For this task, output exactly the lines of the material below starting at the line with "The view of" and ending at the line with "Those details are"; pictures are to be excluded.

EXTRACTED RECORDS:
____
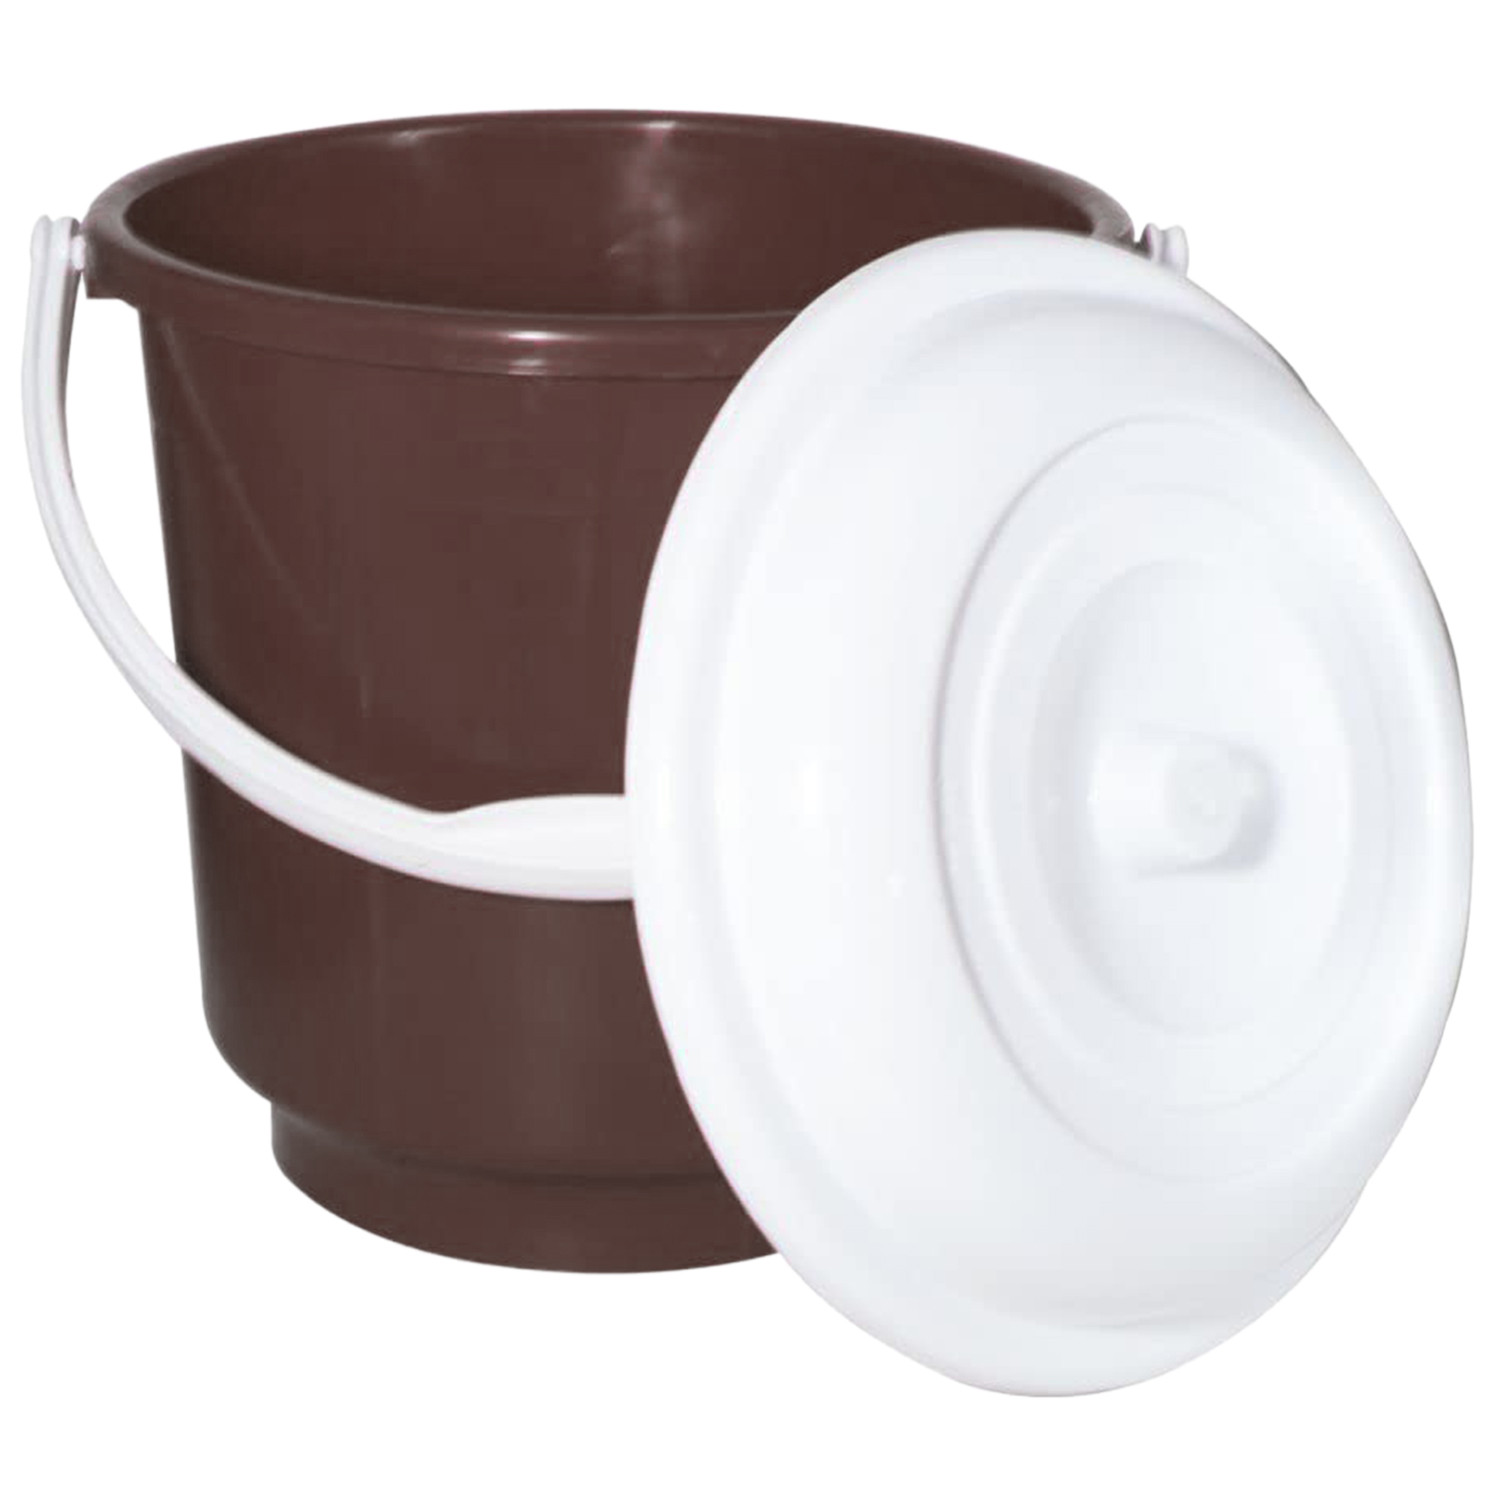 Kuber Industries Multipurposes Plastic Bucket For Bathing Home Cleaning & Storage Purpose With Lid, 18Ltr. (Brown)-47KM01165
____
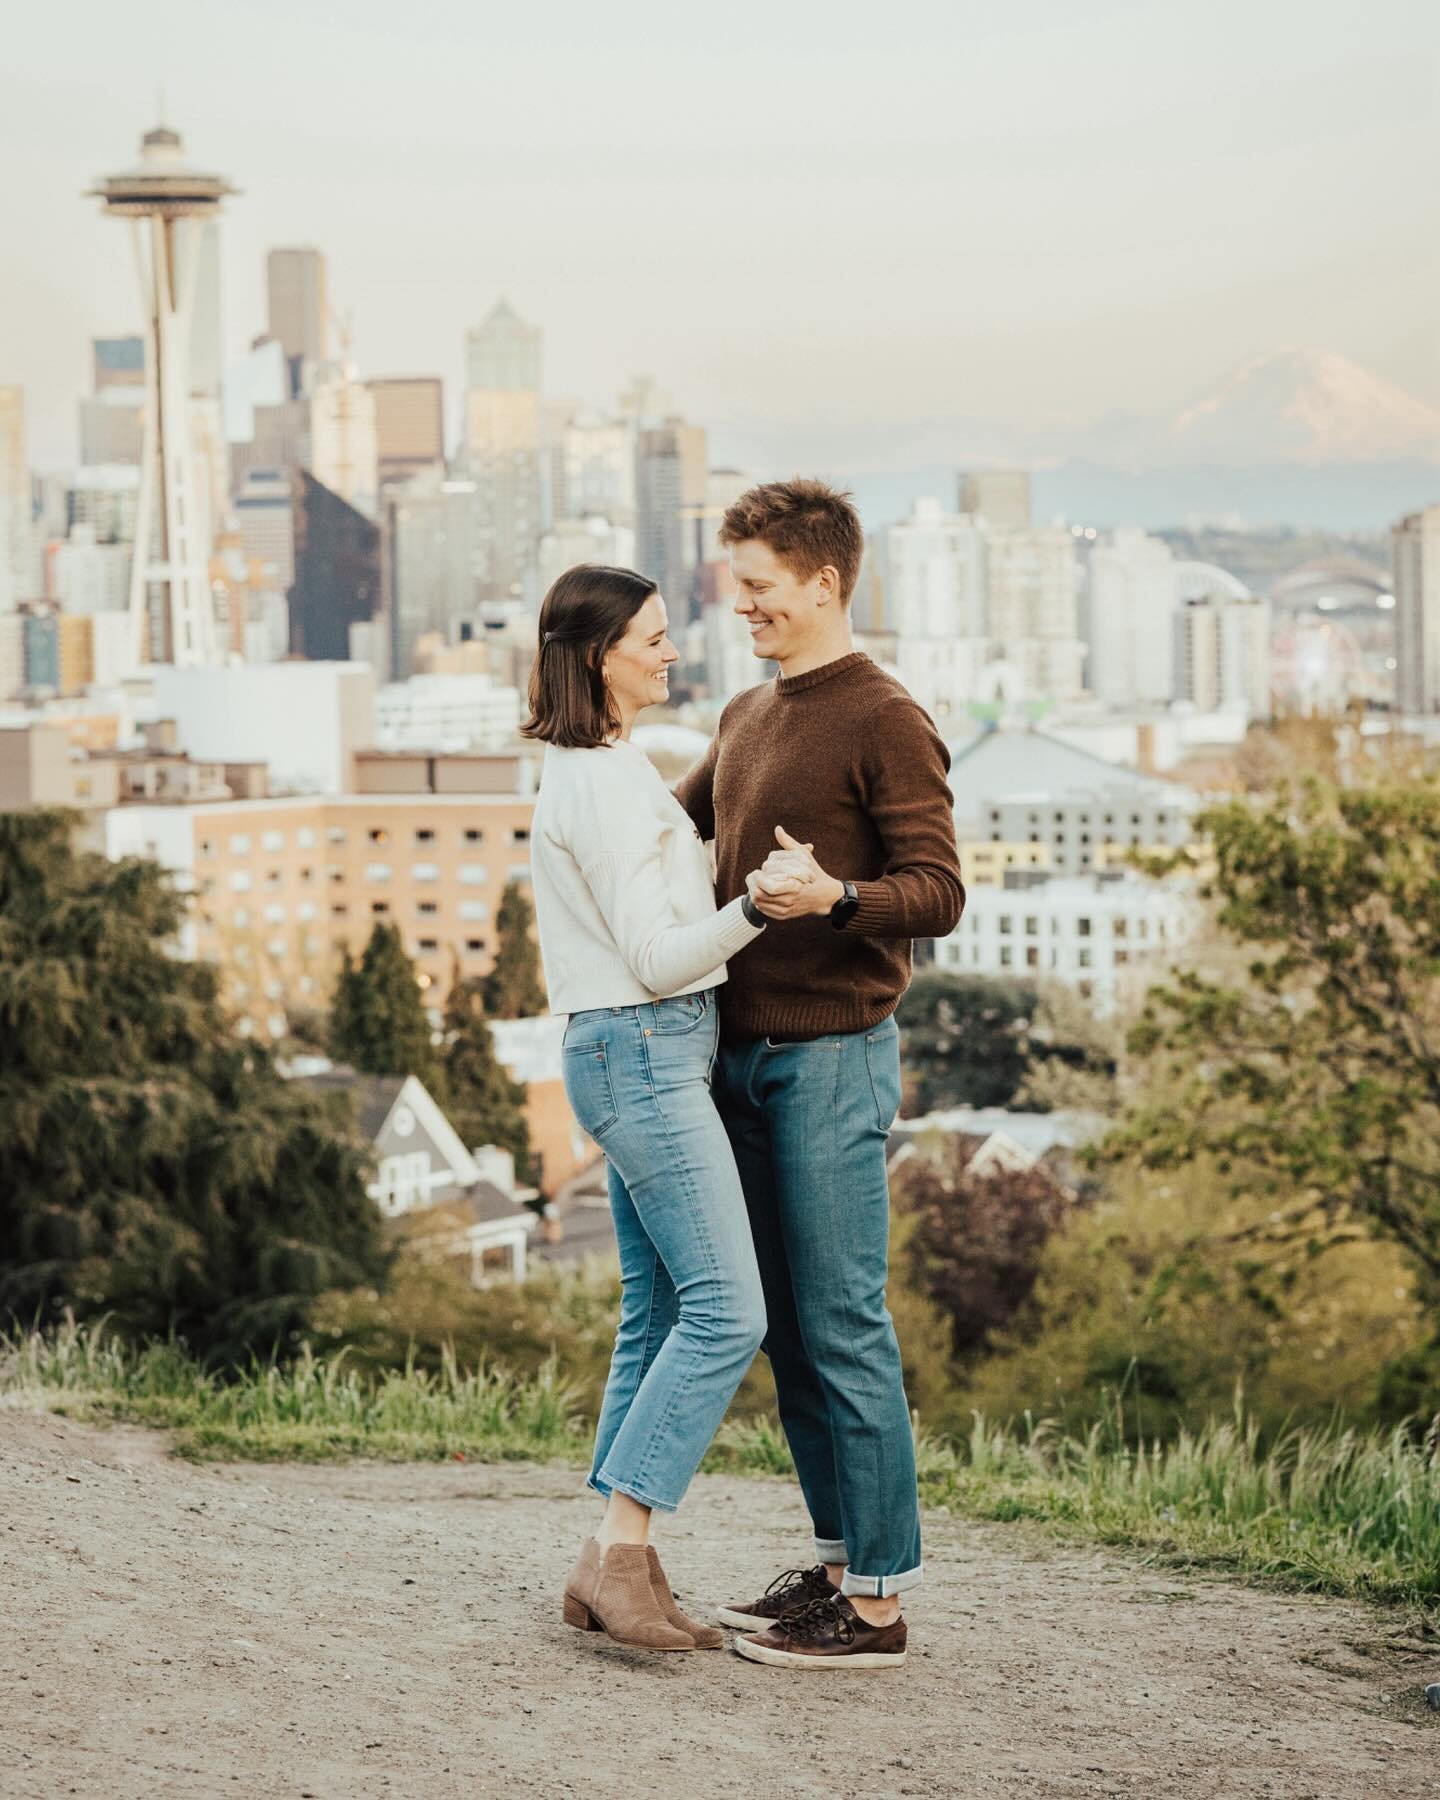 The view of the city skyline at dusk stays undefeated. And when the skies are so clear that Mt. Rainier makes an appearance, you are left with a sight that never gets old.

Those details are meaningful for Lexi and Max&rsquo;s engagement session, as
____
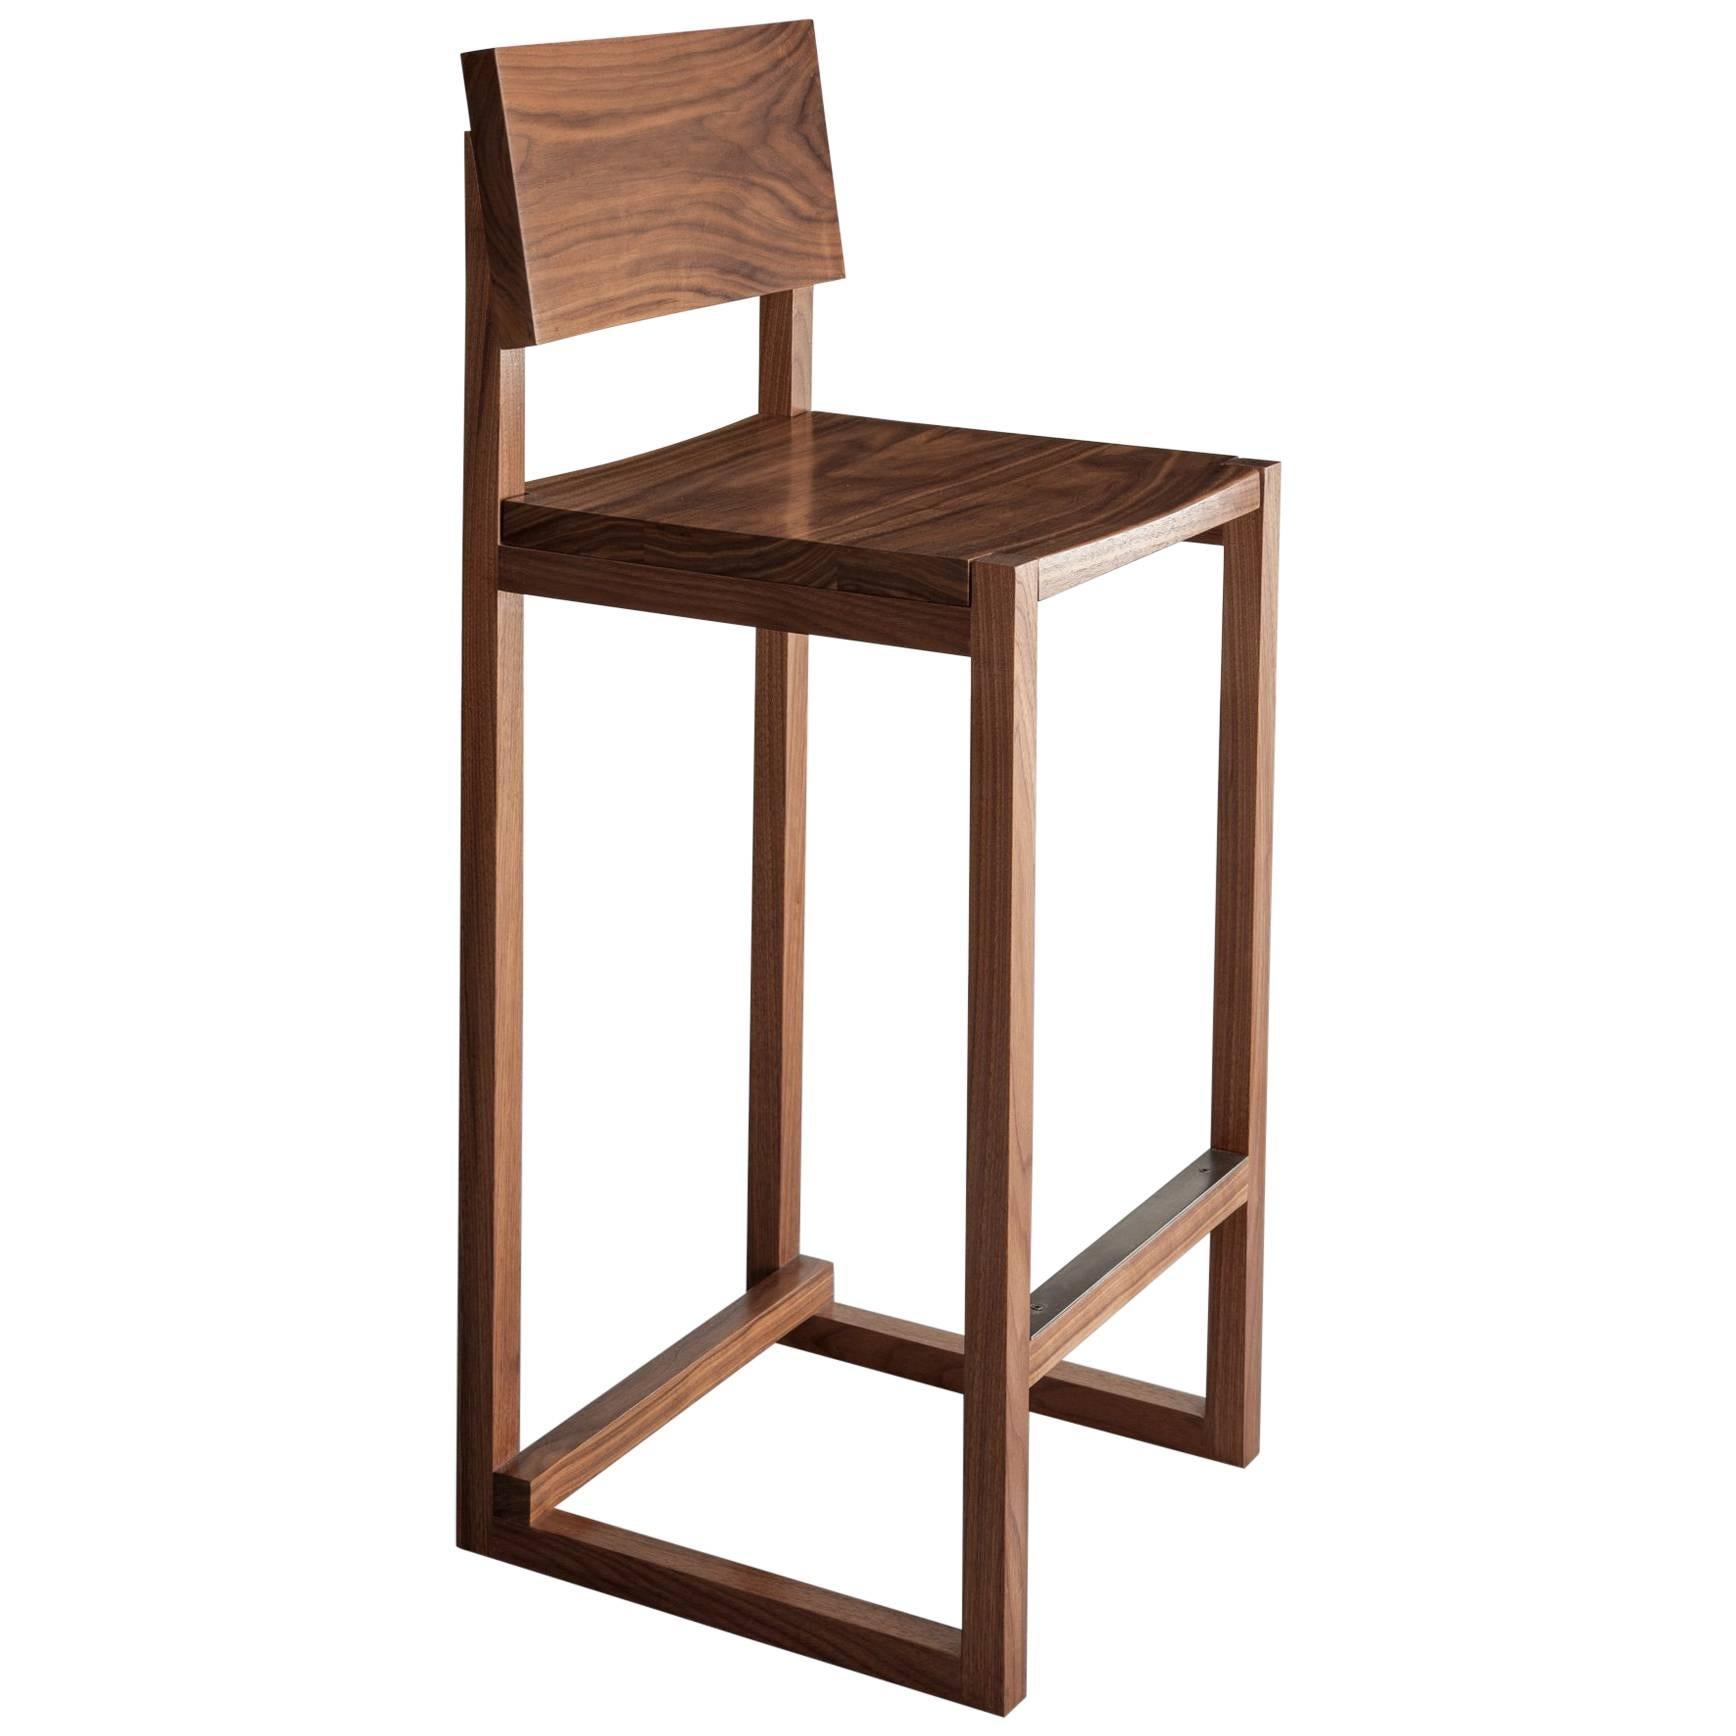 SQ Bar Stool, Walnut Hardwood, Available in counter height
____
EXPECTED ANSWER:
 The view of the city skyline at dusk stays undefeated. And when the skies are so clear that Mt. Rainier makes an appearance, you are left with a sight that never gets old.

Those details are meaningful for Lexi and Max&rsquo;s engagement session, as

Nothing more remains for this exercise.